PN/CIMP+ and MES/CIMP− GSCs display differential sensitivity to radiation
To test if GSCs with varied transcriptome, methylation and cell surface antigen expression patterns also exhibit differential treatment responses, we examined the consequence of clinically relevant fractionated ionizing radiation (IR) (2.5 Gy × 4) on mice 2–3 weeks after orthotopic implantation of GSCs. PN/CIMP+ GSCs (7–11 and 23) showed significantly improved median survival (5–9 weeks) upon IR treatment whereas GSC20 showed no statistical difference and GSC267 showed modest survival (~2 weeks) improvement compared to untreated controls (Figure 4A). Since glioma cells predominantly arrest in the G2/M phase of cell cycle in response to IR (Mir et al., 2010), we asked if the two subtypes of GSCs showed fundamental differences in this mode of arrest. Indeed PN/CIMP+ GSCs showed dramatic accumulation of cells in G2/M, whereas MES/CIMP− GSCs showed only a modest arrest (Figure 4B). In addition, while both subtypes of GSCs showed comparable γ–H2AX foci formation at early time points, MES/CIMP− GSCs (2, 20 and 267) showed enhanced repair ability as evidenced by the reduced number of foci at 24 h compared to PN/CIMP+ GSCs (Figure 4C) consistent with the lack of G2/M arrest. Consequently, the PN/CIMP+ GSCs underwent profound apoptosis (Figure 4D) with reduced neurosphere formation compared to MES/CIMP− GSCs (Figure 4E). We further observed a similar radio-resistant CD44high population within the PN/CIMP+ GSCs (Figure S4A–C).

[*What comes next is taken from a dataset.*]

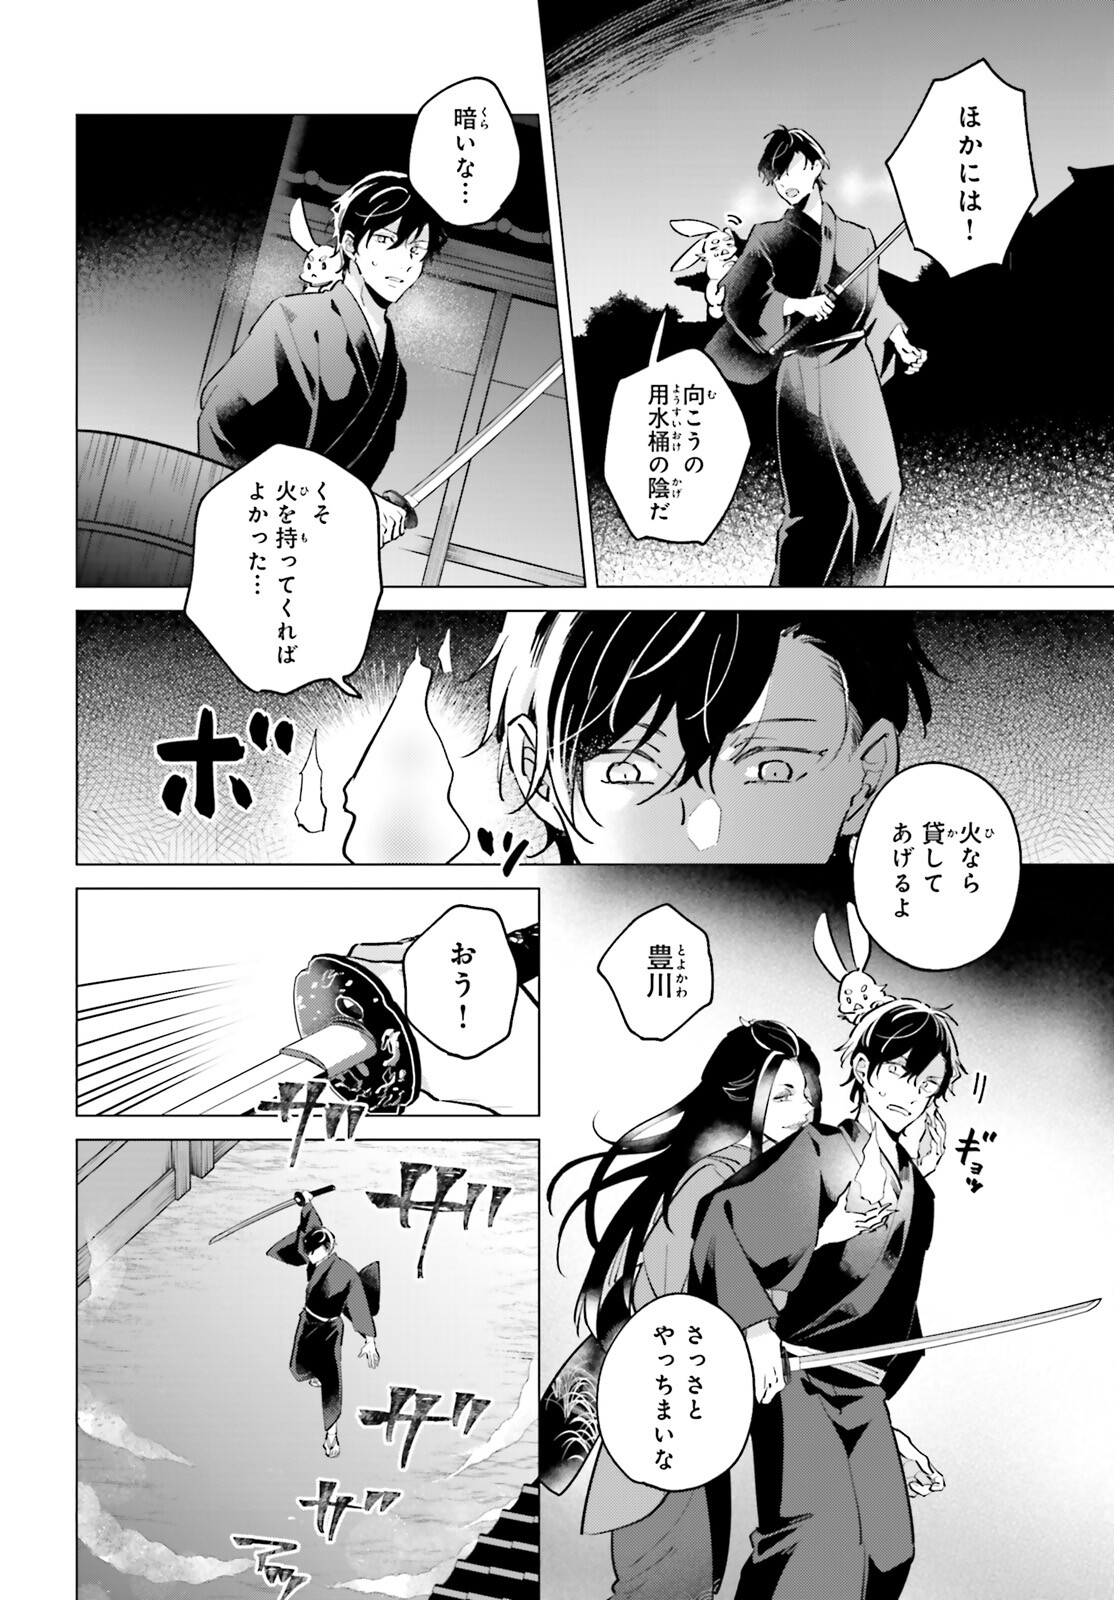 Kamisama no Youjinbou - Chapter 13 - Page 2

TNFα mediates MES differentiation in an NF-κB dependent fashion
Despite originating from MES tumors, the lack of MES signature in xenografts led us to hypothesize that specific factors in the human tumor microenvironment could alter the transcriptome and epigenetic signatures of GSCs, but these features are not entirely recapitulated in immunocompromised mice. In search of such signaling molecules, we noted that the TCGA analyses showed specific enrichment of genes in the TNFα receptor super-family and the NF-κB pathway in the MES subclass of tumors that also expressed high levels YKL40 and CD44 (Riddick and Fine, 2011; Verhaak et al., 2010). Additionally, prior studies have shown the association of a hypoxic signature and the NF-κB pathway to HGGs (Murat et al., 2009). We hypothesized that cytokines that can trigger NF-κB or alternative TF signaling pathways could result in MES differentiation and influence the proportion of CD44high subpopulations. To test this, we treated PN/CIMP+ GSCs 11, 23 and 34 with similar concentrations of IL6, IL8, IL10, TGF-β or TNFα, all of which are constituents of the GBM microenvironment (Charles et al., 2011). TNFα treatment resulted in a dramatic gain of CD44 expression, an effect not seen with any of the other cytokines tested (GSC34, Figure 5A; GSC11 and 23, data not shown), and this effect was blunted by transduction with a non-degradable mutant form of IκB (IκB super-repressor [IκB-SR]), indicating an NF-κB dependent effect (Figure 5B). Interestingly, the CIMP positivity of the GSCs remained unaltered in response to TNFα treatment (Figure 5C) implying that the regulation of CIMP can be uncoupled from NF-κB mediated MES differentiation in GSCs. However, long term effects of TNFα and/or other potential modifiers of CIMP status are worthy of further exploration.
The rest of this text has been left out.